Sahibi Eldorado Gold şirketi olduğu ve siyanür liçi yöntemiyle faaliyet gösteren Kışladağ Altın Madeni'nin, çevredeki 12 köyün ortasında bir "yıkım merkezi" haline geldiğini belirten Bülbül, madenin çevre ve halk sağlığına ciddi zararlar verdiğine ve zehir olduğuna da değindi.
Bülbül, madende bulunan ve “cehennem çukuru” olarak sunulan çukurun derinliğinin 500 metreyi aştığını ifade ederek, yağmur yağışlarında metalik renkli suların yer altı sularına karıştığını ve bu durumun büyük bir çevresel felakete yol açtığını vurguladı.
"Ormanlar ve Yaban Hayatı Yok Olma Noktasına Geldi"
Açıklamada, yapılan çevre üzerindeki yıkıcı etkilere dikkat çekildi. Bölgedeki ormanların, bitki örtüsünün ve yaban ürünlerinin yok olma noktasına geldiğini, geniş çaptaki bölgede yaşayan hayvanların ölmesi, sakat doğum ve düşük vakalarının artmasına değindi.

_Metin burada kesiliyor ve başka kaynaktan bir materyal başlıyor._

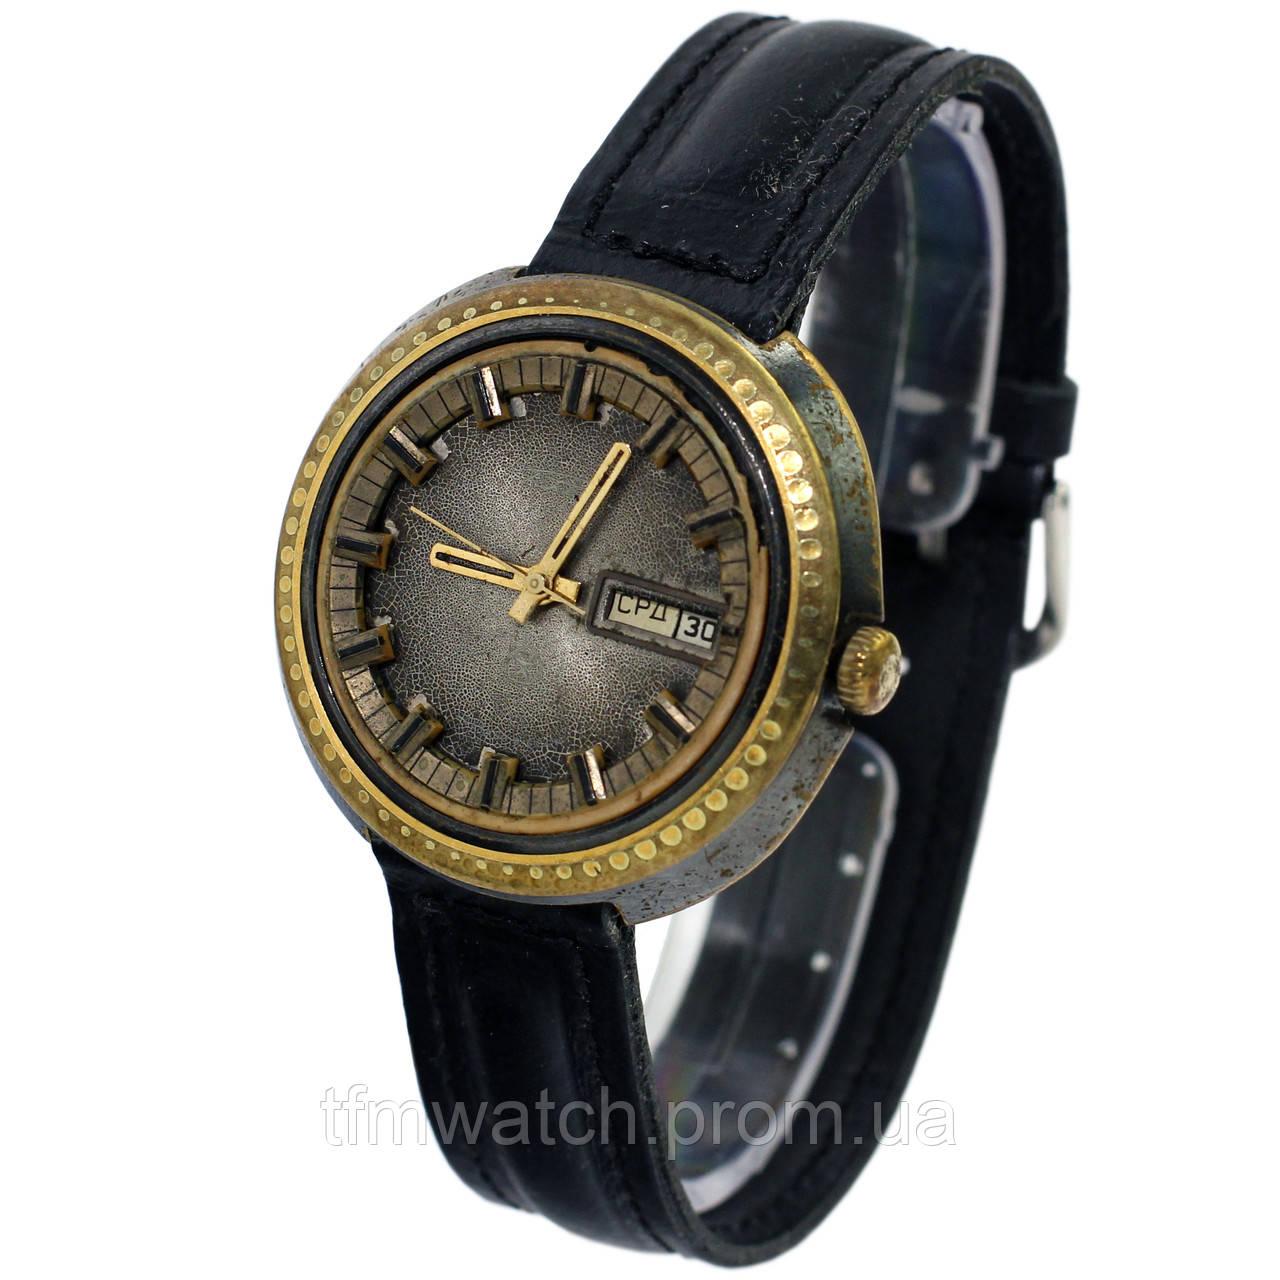 С ссср часы номером стоимость ракета пантера в часы красногорске работы черная ломбард

Av. Bülbül, İliç-Çöpler'de yaşanan 13 Şubat faciasında dikkat çekerek, Kışladağ'da da benzer bir tehlikenin yaşanabileceğine işaret etti. Tonlarca taş ve cevherin üst üste yığıldığını ve bu durumun ciddi bir riski olduğunu da söyledi.
"Hukuk Mücadelesi”
Kışladağ Altın Madeni'ne karşı verilen mücadelede hukuki sürecin devam ettiğini belirten Bülbül, Avrupa İnsan Hakları Mahkemesi'nin (AİHM) Nisan ayında verdiği karara değindi. AİHM'in davacıların adil yargılama hakkının ihlal edildiğine hükmettiğini hatırlatarak, hukuki sürecinde yeniden başlayacağını açıkladı.

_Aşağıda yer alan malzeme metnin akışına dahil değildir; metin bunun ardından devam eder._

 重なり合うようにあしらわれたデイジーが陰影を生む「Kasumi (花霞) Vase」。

Uşak Barosu'nun, Kışladağ Altın Madeni'ne karşı mücadele eden tüm yaşam savunucularının yanında olduğunu vurgulayan Bülbül, kamuoyuna şu mesajı verdi: “Bu süreçte Uşak BARO su olarak insanımızın, doğamızın ve tüm canlıların haklarını savunmaya devam edeceğiz” sözleriyle açıklamasını bitirdi.